Question

A 1.00 -kg block compresses a spring for which \(k=\) 100. \(\mathrm{N} / \mathrm{m}\) by \(20.0 \mathrm{~cm}\) and is then released to move across a horizontal, frictionless table, where it hits and compresses another spring, for which \(k=50.0 \mathrm{~N} / \mathrm{m}\). Determine a) the total mechanical energy of the system, b) the speed of the mass while moving freely between springs, and c) the maximum compression of the second spring.

Short answer

Answer: The total mechanical energy of the system is 2J. 2) What is the speed of the mass while moving freely between the springs? Answer: The speed of the mass while moving freely between the springs is 2 m/s. 3) What is the maximum compression of the second spring? Answer: The maximum compression of the second spring is 1.26 m (or 126 cm).

Step-by-step solution

Calculate the potential energy stored in the first spring

To find the potential energy in the first spring, we can use the formula for potential energy stored in a spring: \(U_{spring} = \frac{1}{2}kx^2\) , where \(k\) is the spring constant, and \(x\) is the compression length. \(k = 100 N/m\), \(x = 20.0 cm = 0.2 m\) \(U_{spring1} = \frac{1}{2}(100)(0.2)^2 = 2J\)

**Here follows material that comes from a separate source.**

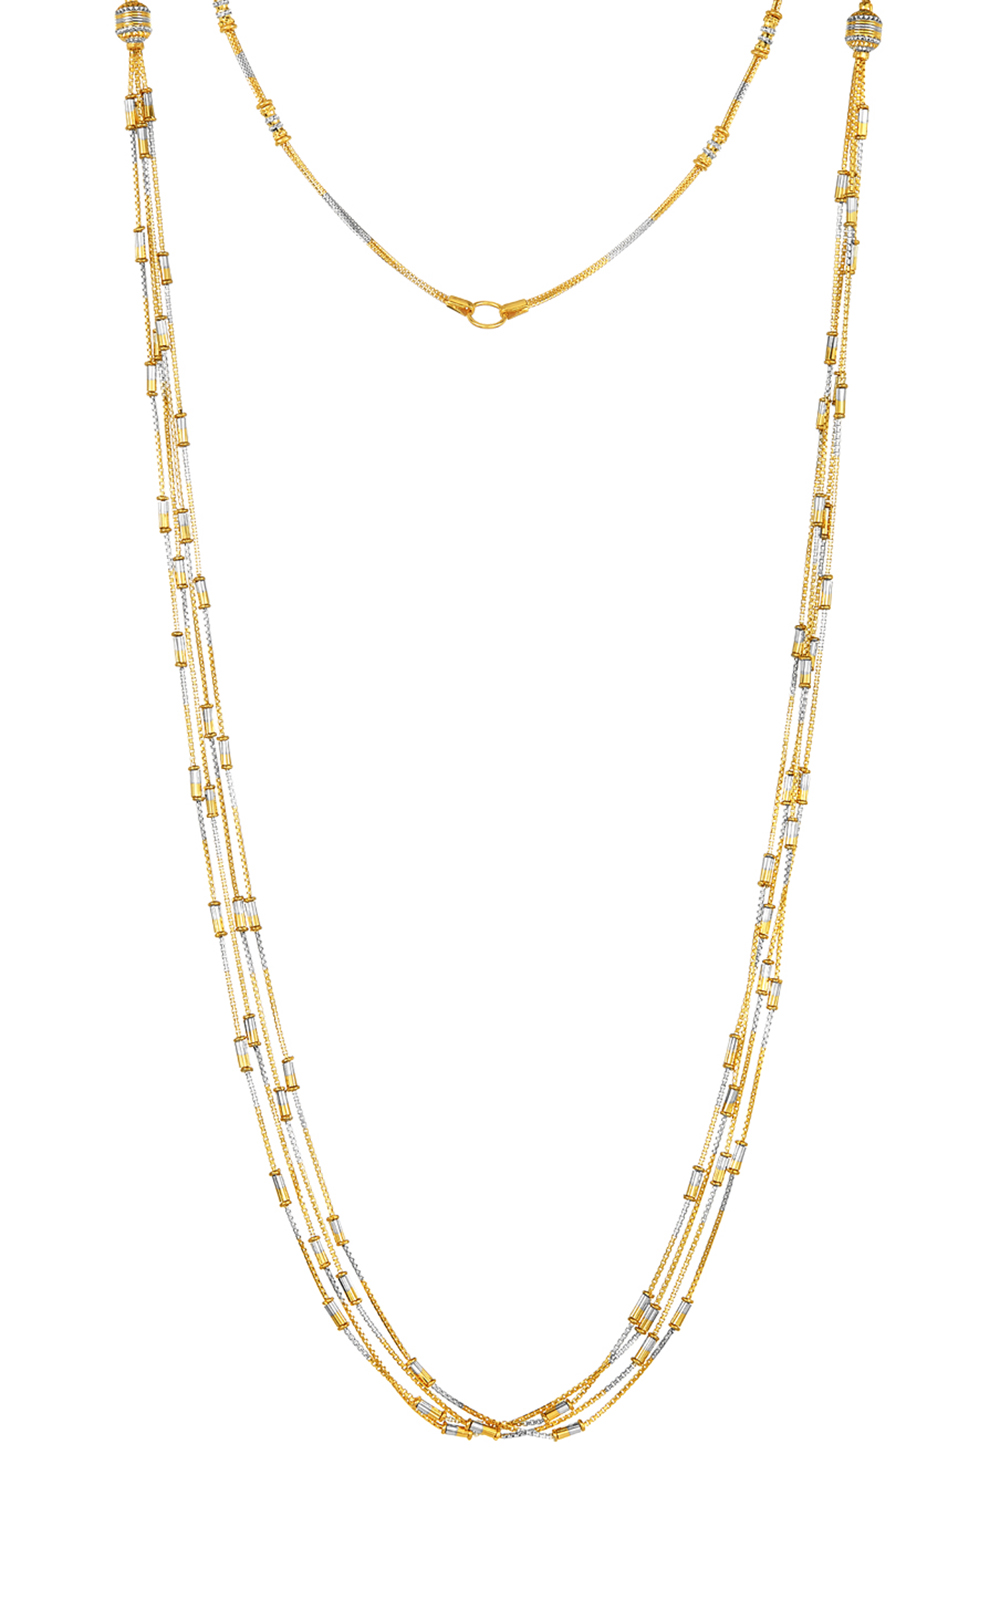 22K Two-Toned Gold Layered Fancy Handmade Chain Necklace - Long

Determine the total mechanical energy of the system

In this system, since there is no external force acting on it, the total mechanical energy is conserved. The mechanical energy consists of the potential energy in the spring and the kinetic energy of the block. Initially, the block is at rest, so it has no kinetic energy. Therefore, the total mechanical energy of the system is equal to the potential energy in the first spring. \(E_{total} = U_{spring1} = 2J\)

Calculate the speed of the mass while moving freely between springs

When the block moves freely between the springs, its velocity is maximum, and the kinetic energy is also maximum. Since the mechanical energy is conserved, the kinetic energy of the block equals the initial potential energy stored in the first spring. \(K_{max} = E_{total} = 2J\) Now, we can use the kinetic energy formula, \(K = \frac{1}{2}mv^2\), to find the velocity of the block: \(2J = \frac{1}{2}(1kg)v^2\) \(v^2 = 4\) \(v=\sqrt{4} = 2m/s\) The maximum speed of the mass while moving freely between springs is 2 m/s.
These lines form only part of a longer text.